Sabtu, 18 Oktober 2014

Cerita #2

Ini adalah cerita pertama yang ditulis setelah bertemu dengan semester 7. Semester yang hampir semua orang menanyakan bagaimana kuliahnya ? sudah mulai siap proposalnya ? atau bahkan siap untuk seminar proposal dan langsung dengan fokus menyelesaikan skripsi ? Ini adalah hal yang sudah akrab menyapa ketika bertemu dengan setiap orang yang tau kalo saya sudah berada pada akhir masa kuliah.

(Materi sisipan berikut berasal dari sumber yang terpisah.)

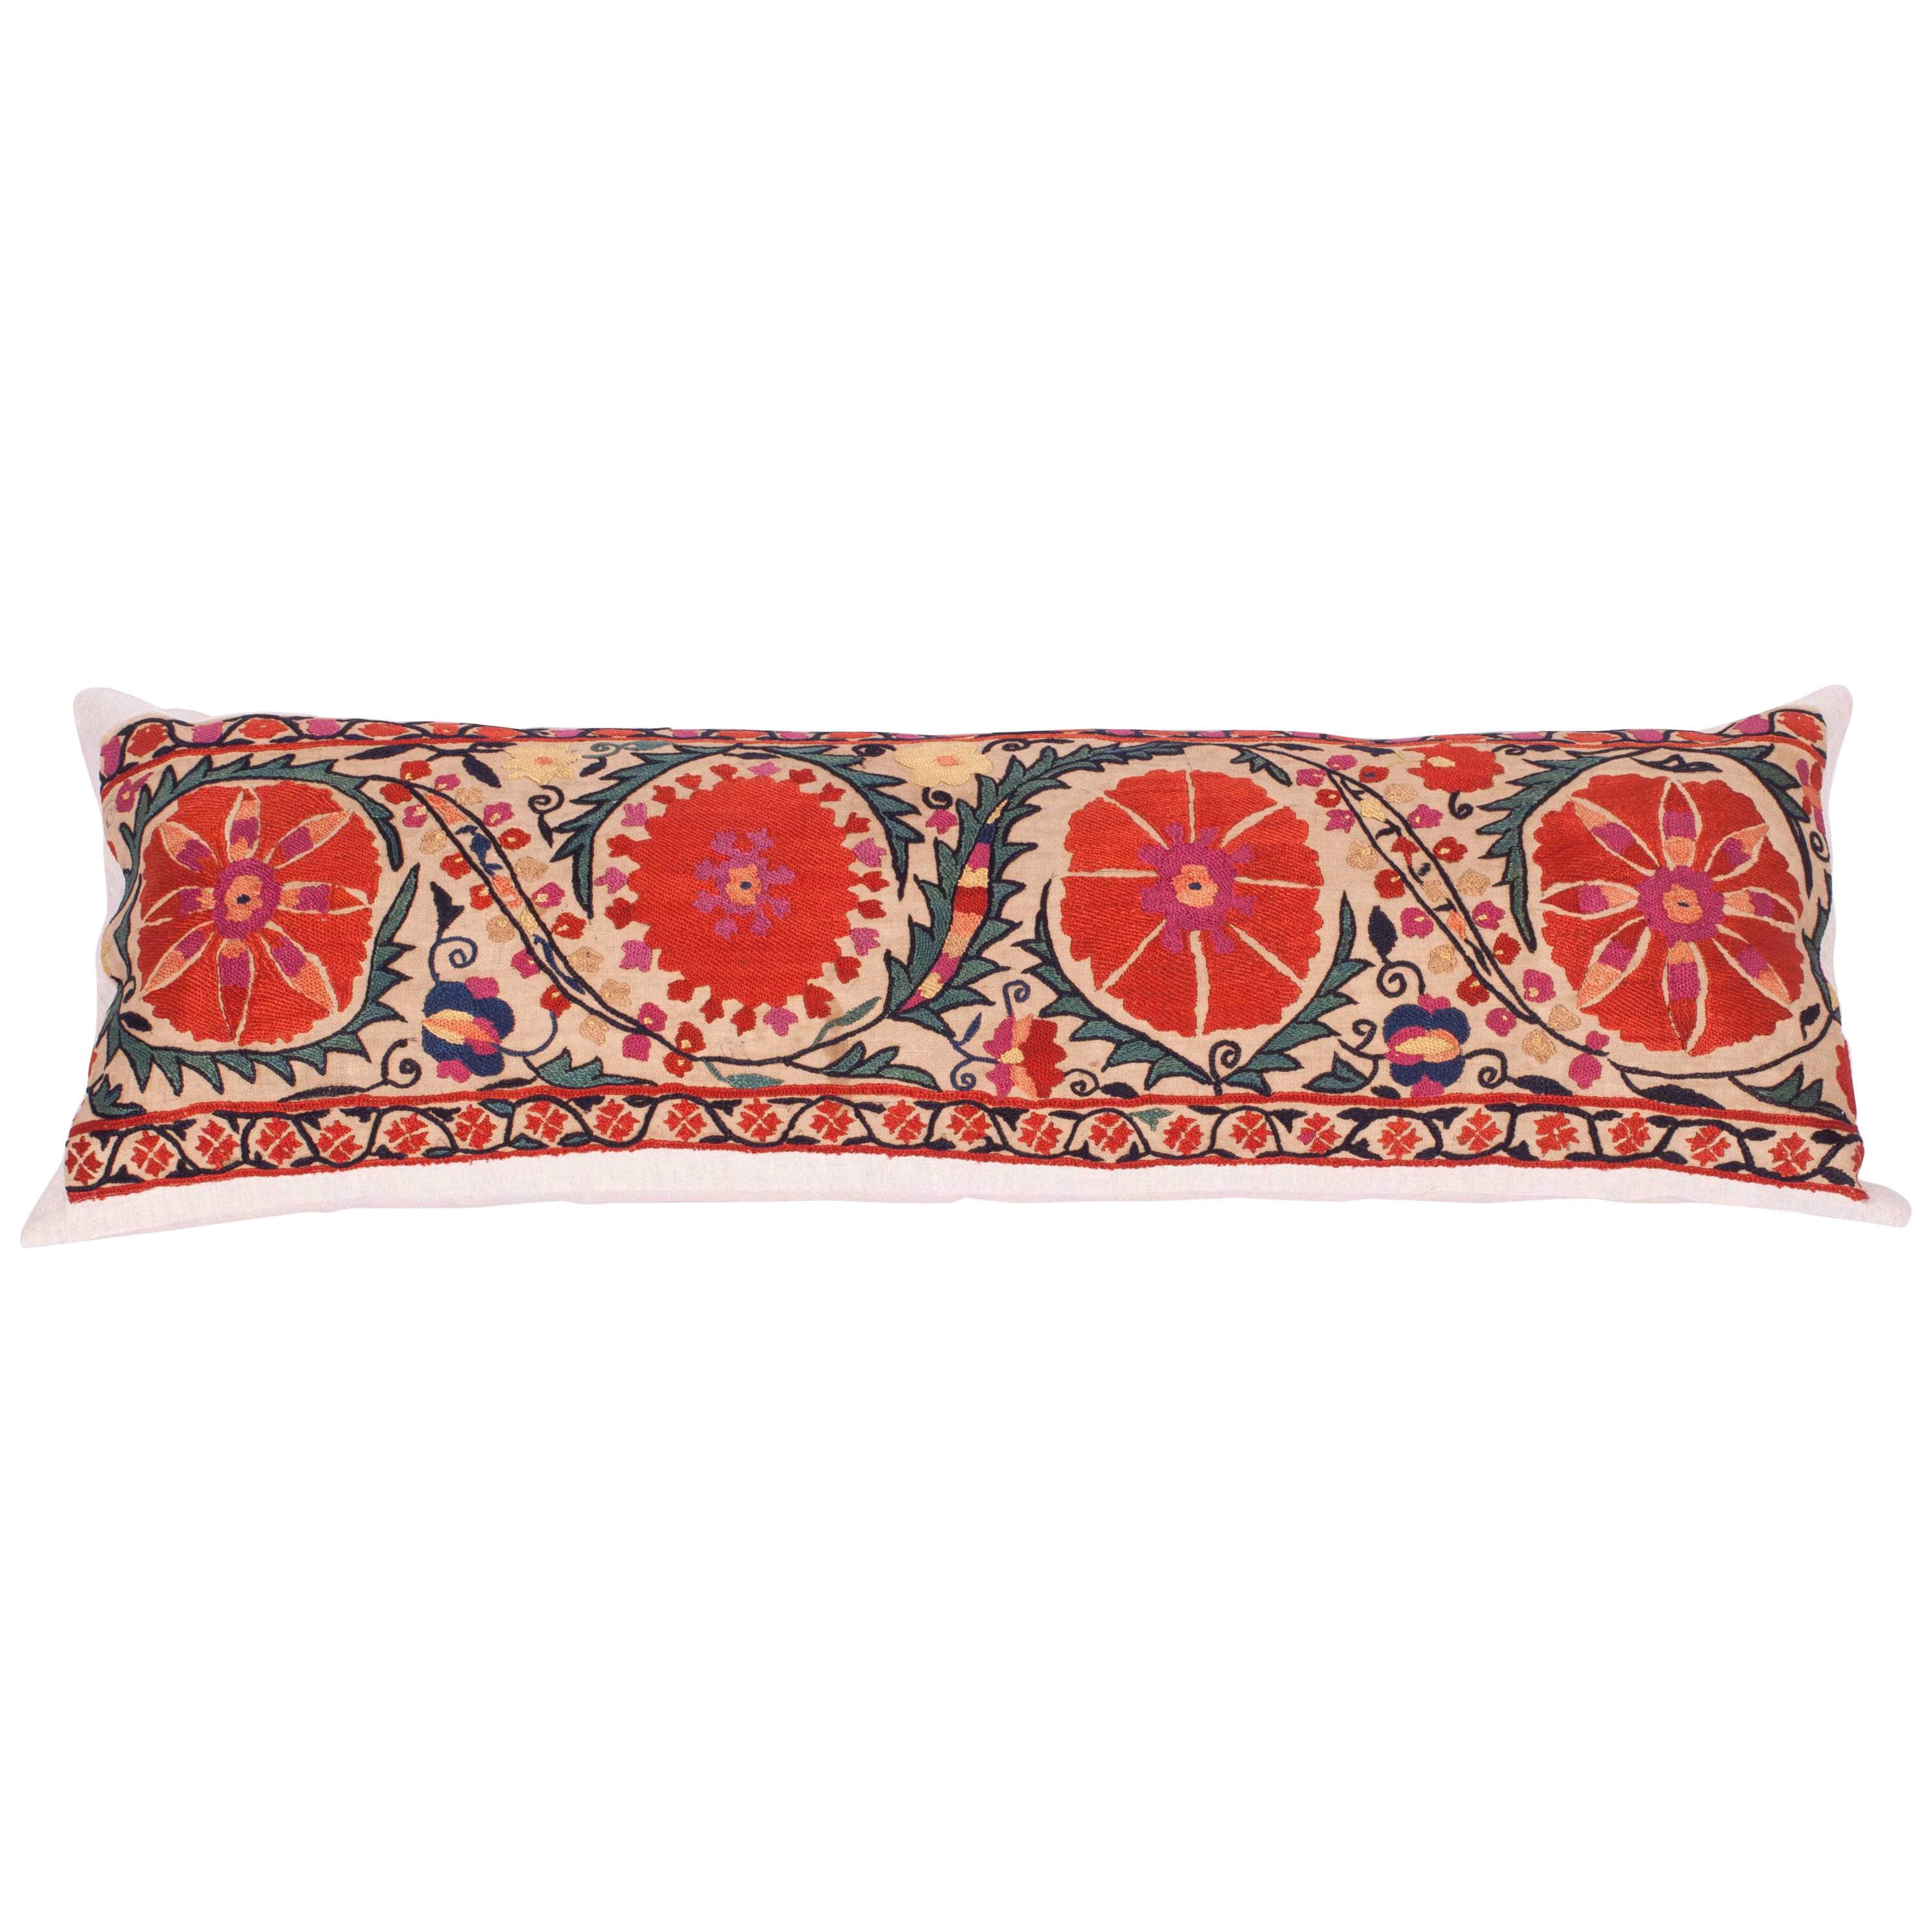 Antique Suzani Pillow Fashioned from a 19th Century, Nurata Suzani

Situasi seperti ini, hal yang dulu ketika menjadi anak bawang alias adik tingkat yang ribet cuma liatin kakak tingkatnya sibuk kesana-kemari, dengan wajah yang setengah layu karena kurang tidur. Dan sekarang ternyata situasi ini saatnya saya lewati..

Banyak hal yang sekarang saya temui, mulai dari sedikit tertekan (kalau menjadikan itu sebagai suatu tekanan), atau bahkan menguras dan menyita seluruh pikiran (so. soan fokus padahal galau :D )..
Ketika saat itulah saya semakin menyadari, yah saya sudah berada pada akhir masa kuliah saya..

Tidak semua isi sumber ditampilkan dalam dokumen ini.